Overall, this analysis would suggest that I consumed 678mg of caffeine per day on my CTU rotation. This is significantly above the control periods that I discussed earlier. The standard deviation of my caffeine consumption went up significantly as well, suggesting that not only did I increase my caffeine use, but CTU also caused my intake to become much more spread out. On days when I consumed purchased caffeine I consumed a lot, but on days when I didn't, I consumed way less caffeine. During my CTU I approximately doubled my daily caffeine intake from about 300mg to 678mg of caffeine. A Starbucks "Grande" coffee has approximately 330mg of caffeine in it, so I was taking in an additional one of these each day because of CTU.

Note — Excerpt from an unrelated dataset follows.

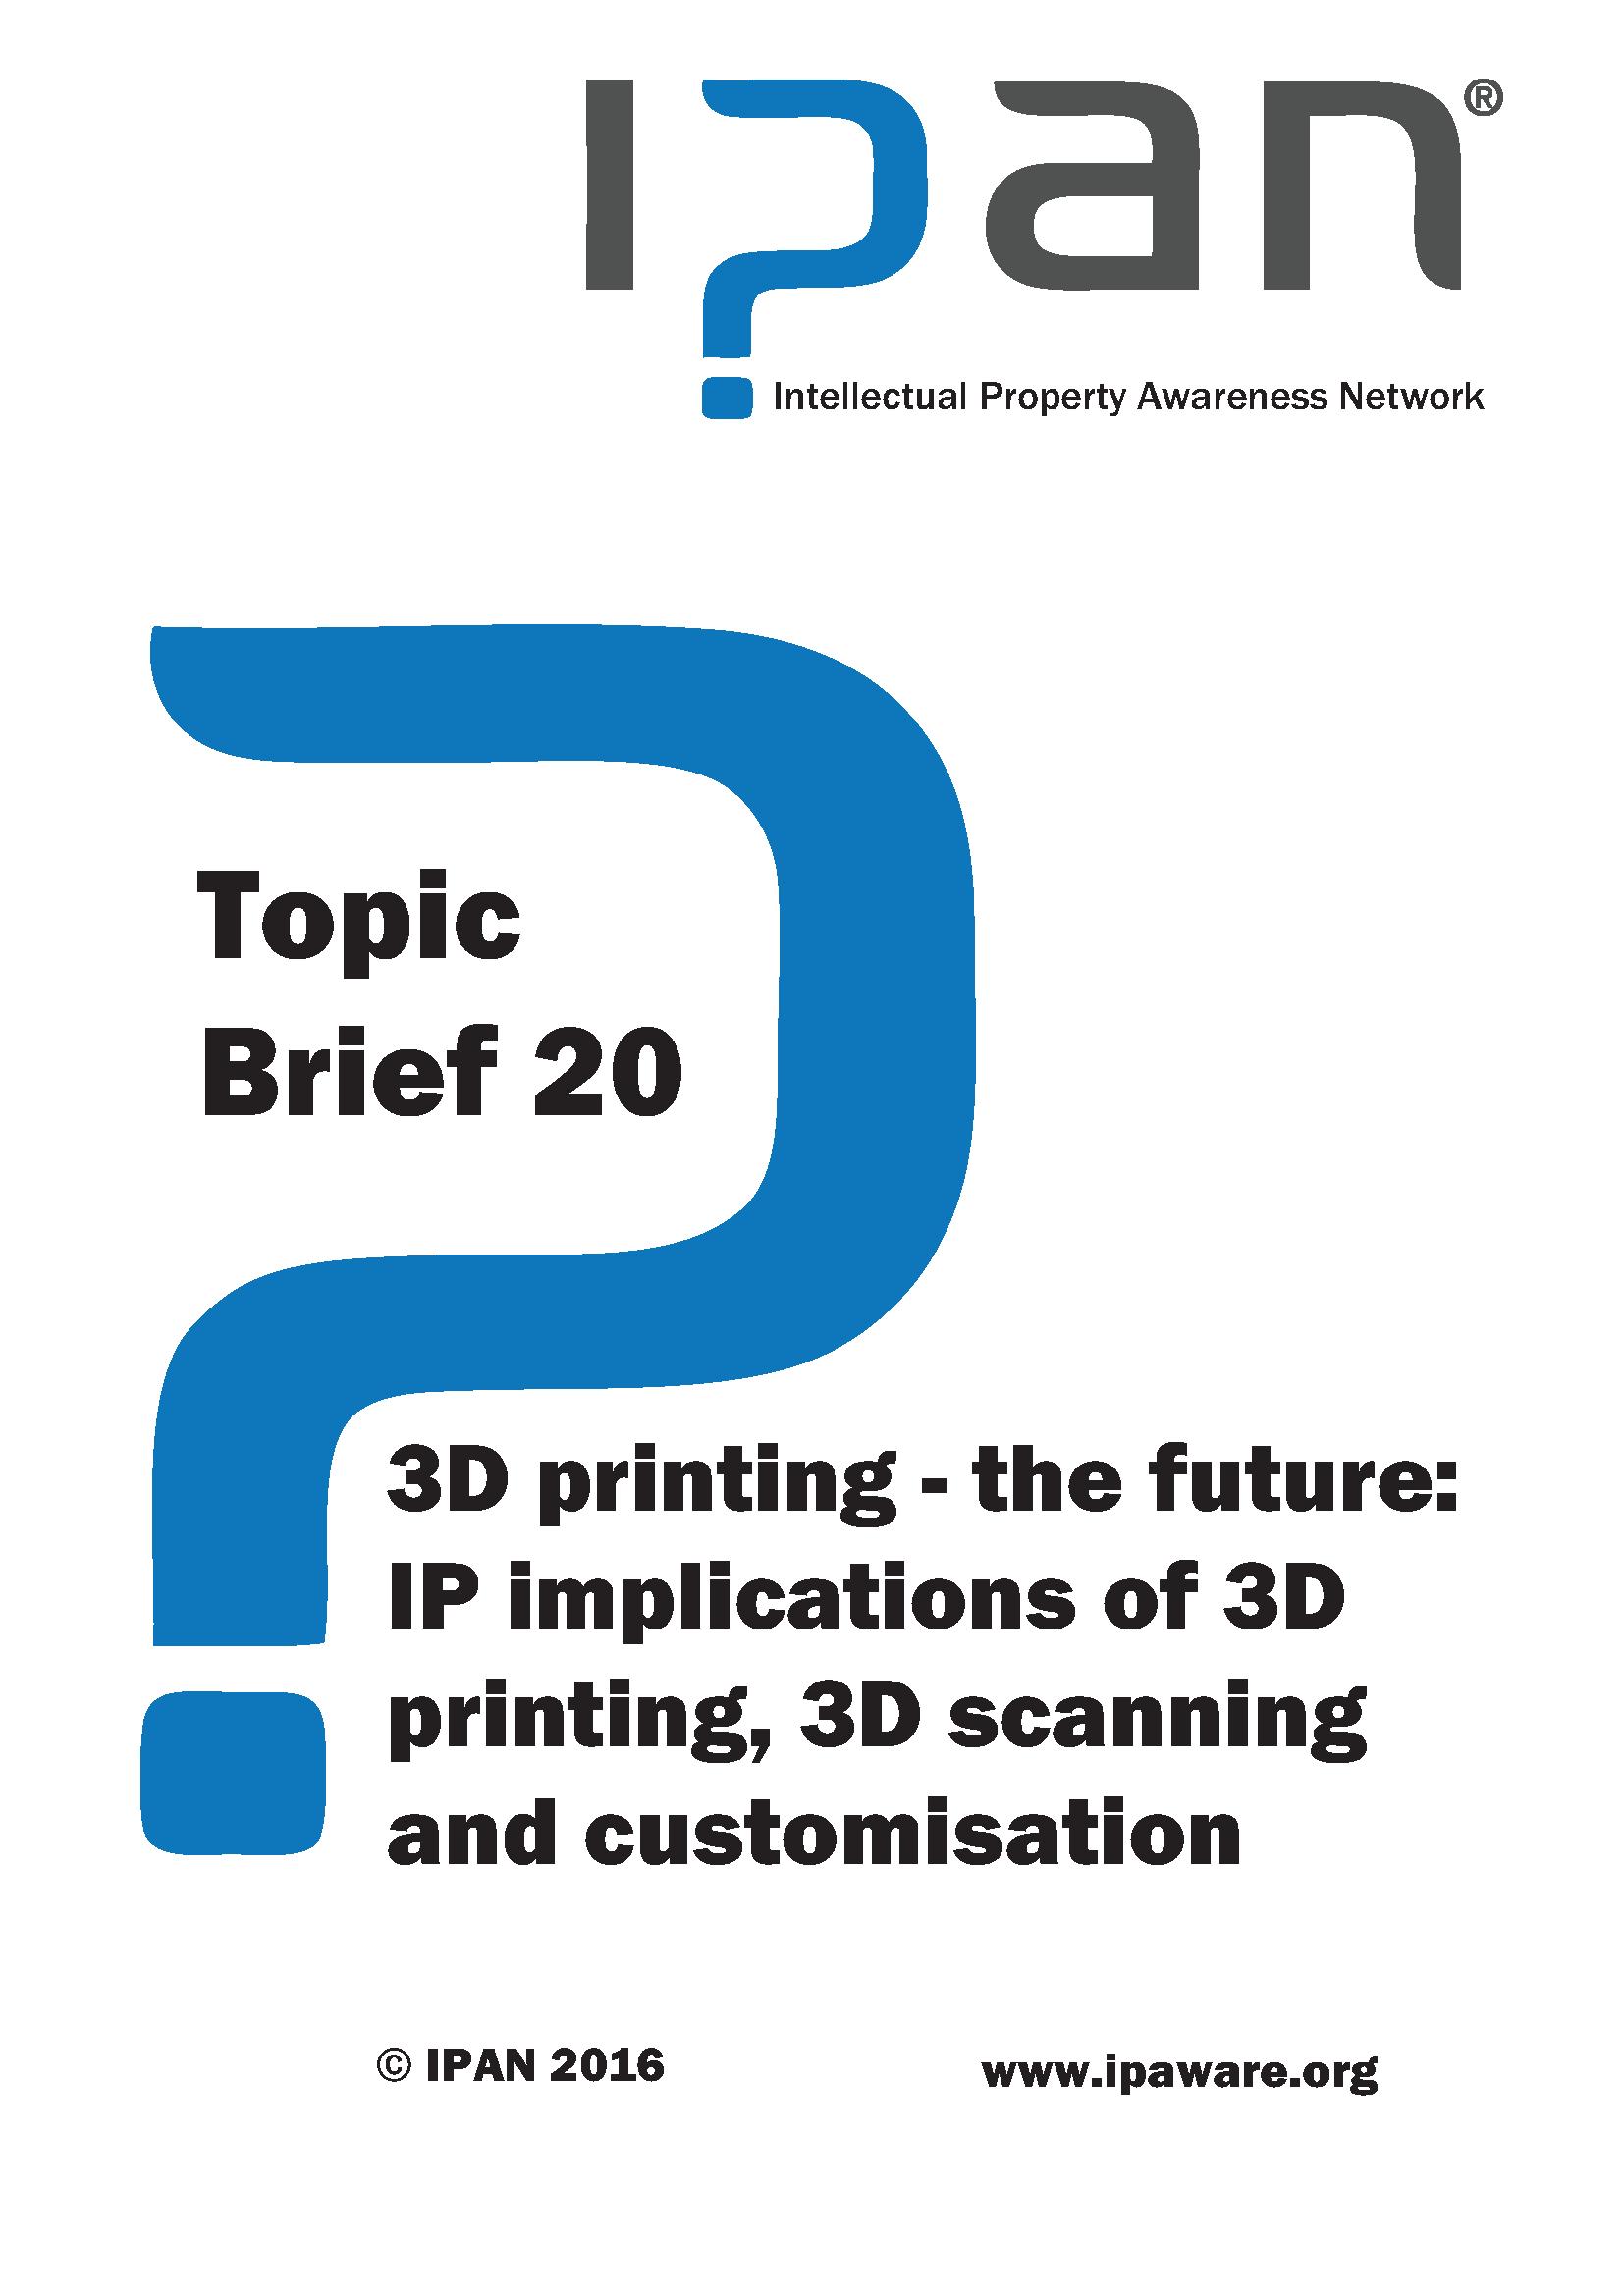 3D printing - IP implications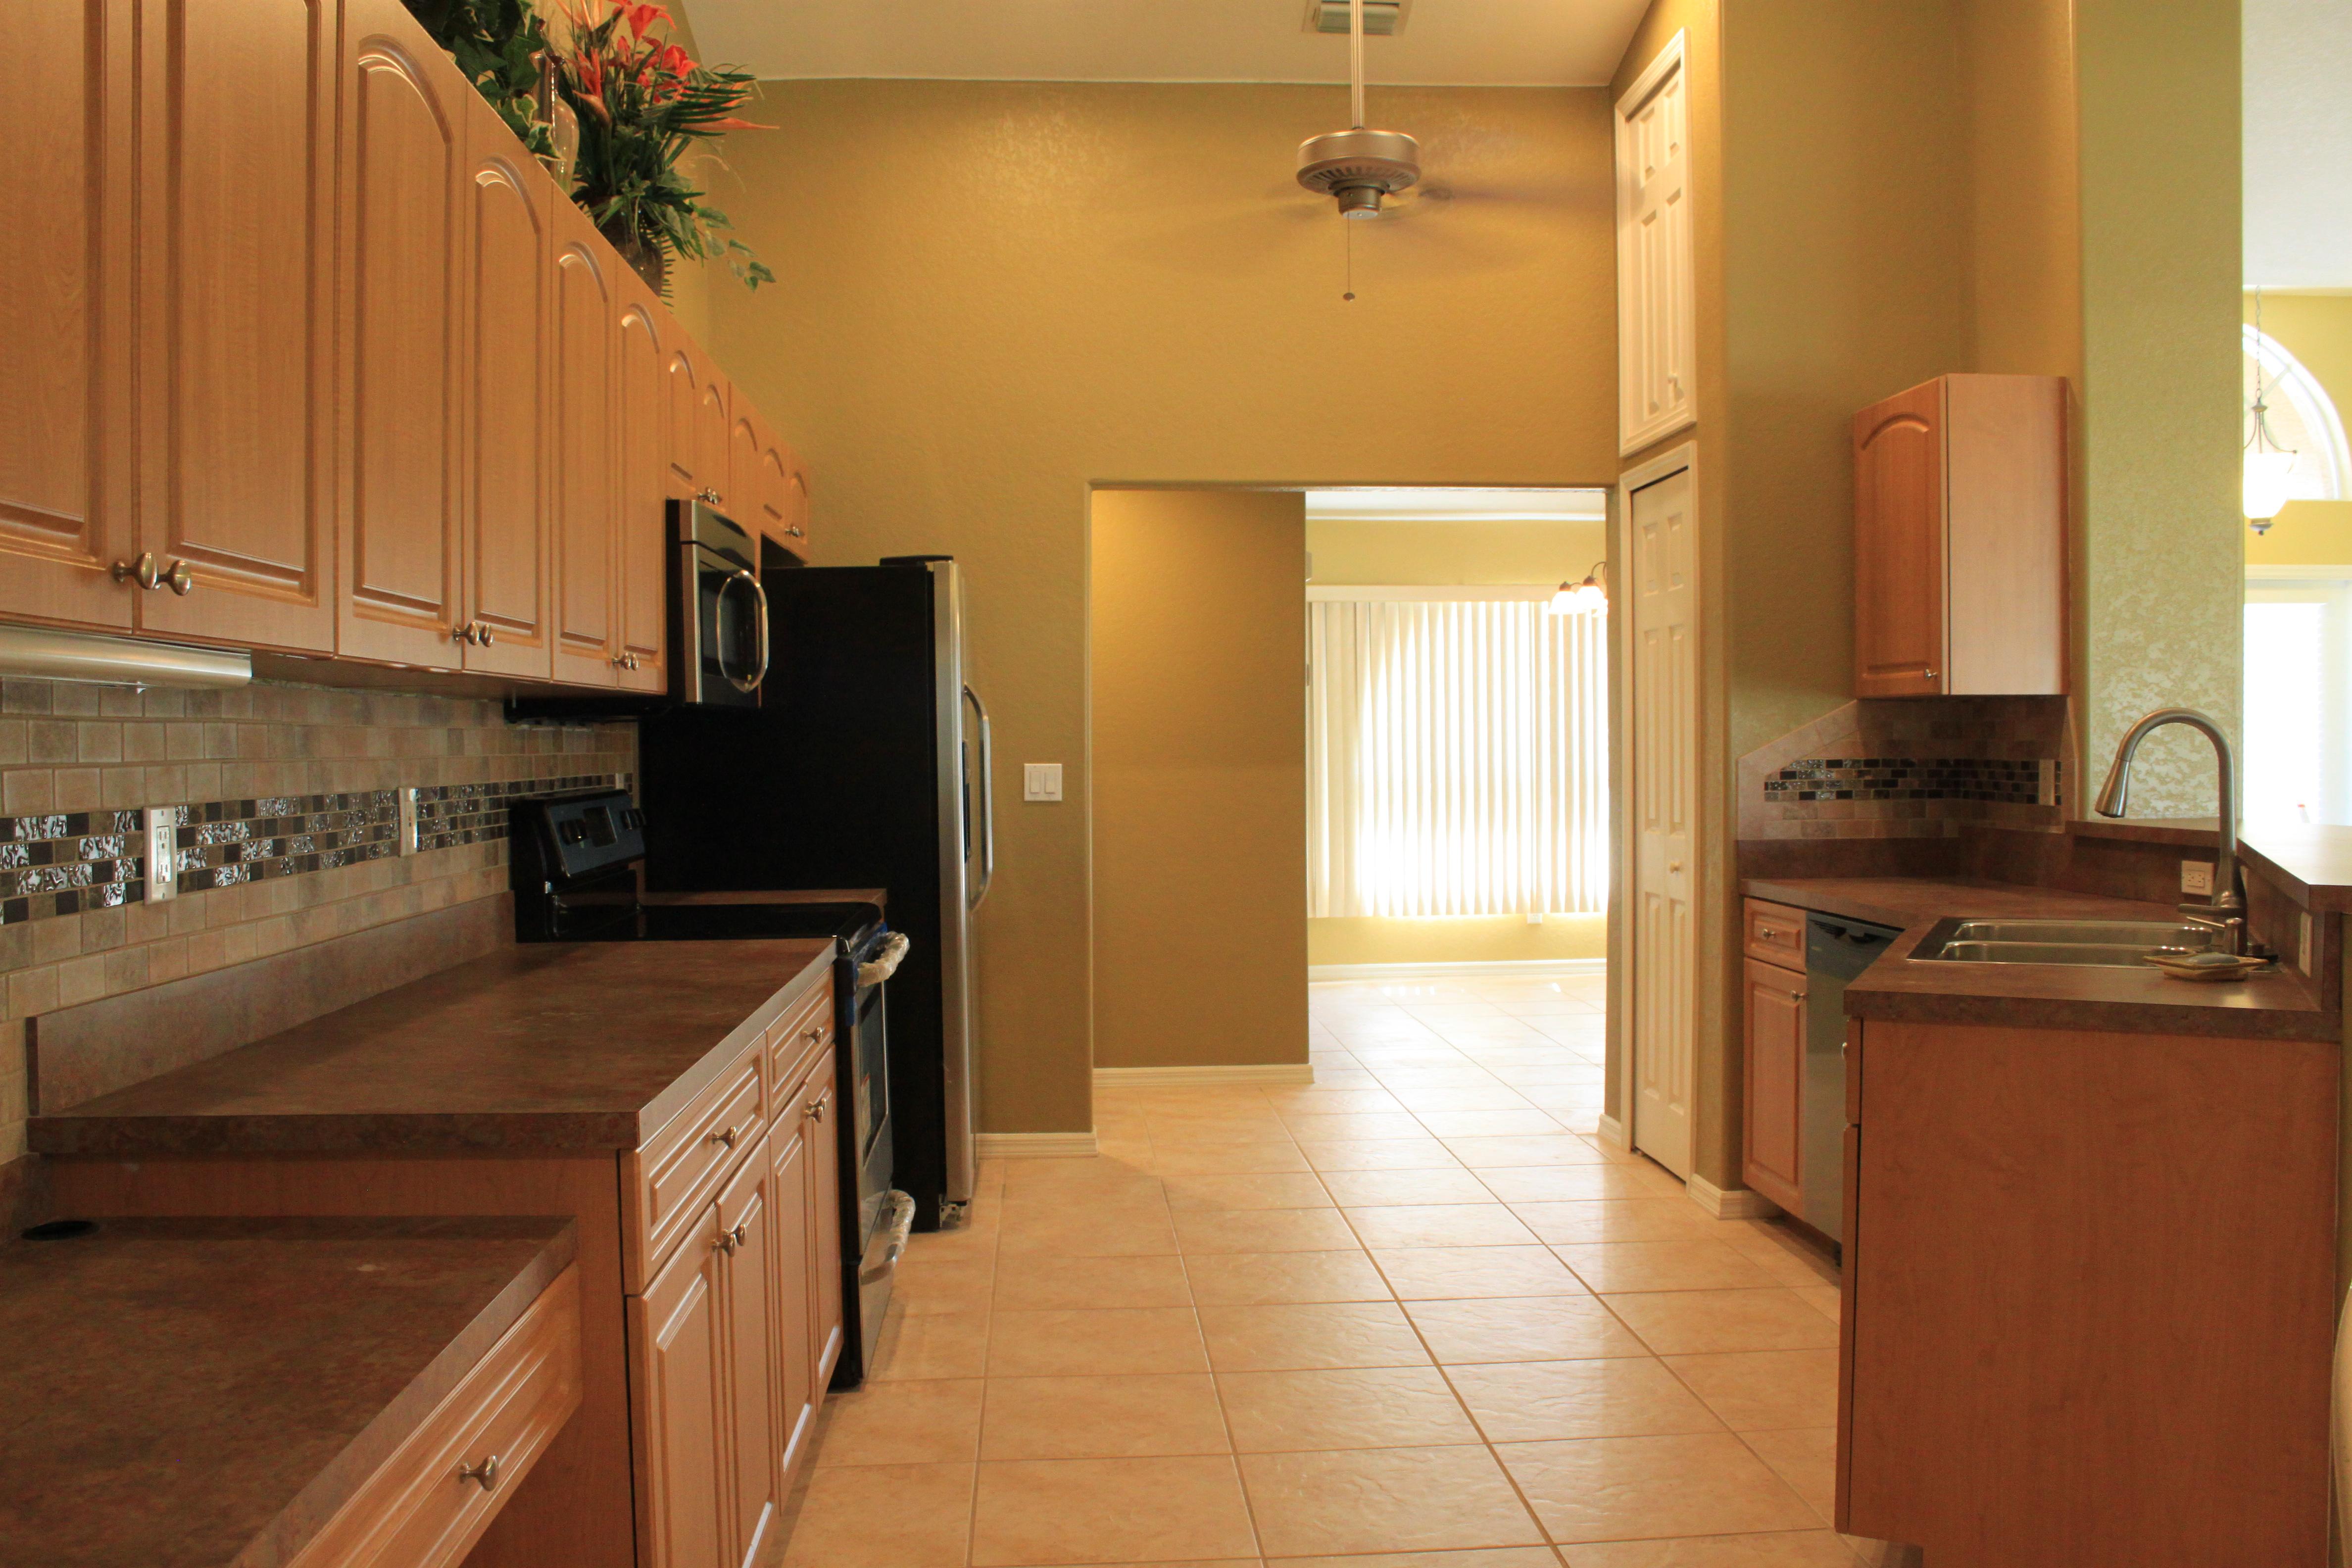 2327 SW 22nd St. Cape Coral, FL 33991 -Kitchen view 2

Its important to remember though that the total caffeine intake on CTU that's shown here is likely an underestimate of my total intake. It doesn't take into account any times that I brought in a travel mug and had more coffee than the normal "Grande" that I usually purchased. In a pathetic attempt to limit how much coffee I was consuming at one point I consciously tried to buy Starbucks Refreshers to avoid coffee. These have some caffeine that is not accounted for here. In addition it must be noted this does not include any coffee I brought from home and I did this a lot when I was on CTU. I never thought I'd be desperate enough to drink powdered coffee packaged in Africa, but then I never had been on a CTU before this year.
The perceptive among my three readers will also note another fact about these time-series. This is essentially a graph of my 2014 summer slipping away in cups of coffee. I began paediatrics wards on June 1st and ended internal medicine wards on August 1st.
I often feel a twinge of regret looking back on a summer that I spent indoors on hospital wards but, baby, if you just take me back, I'll forget everything internal medicine.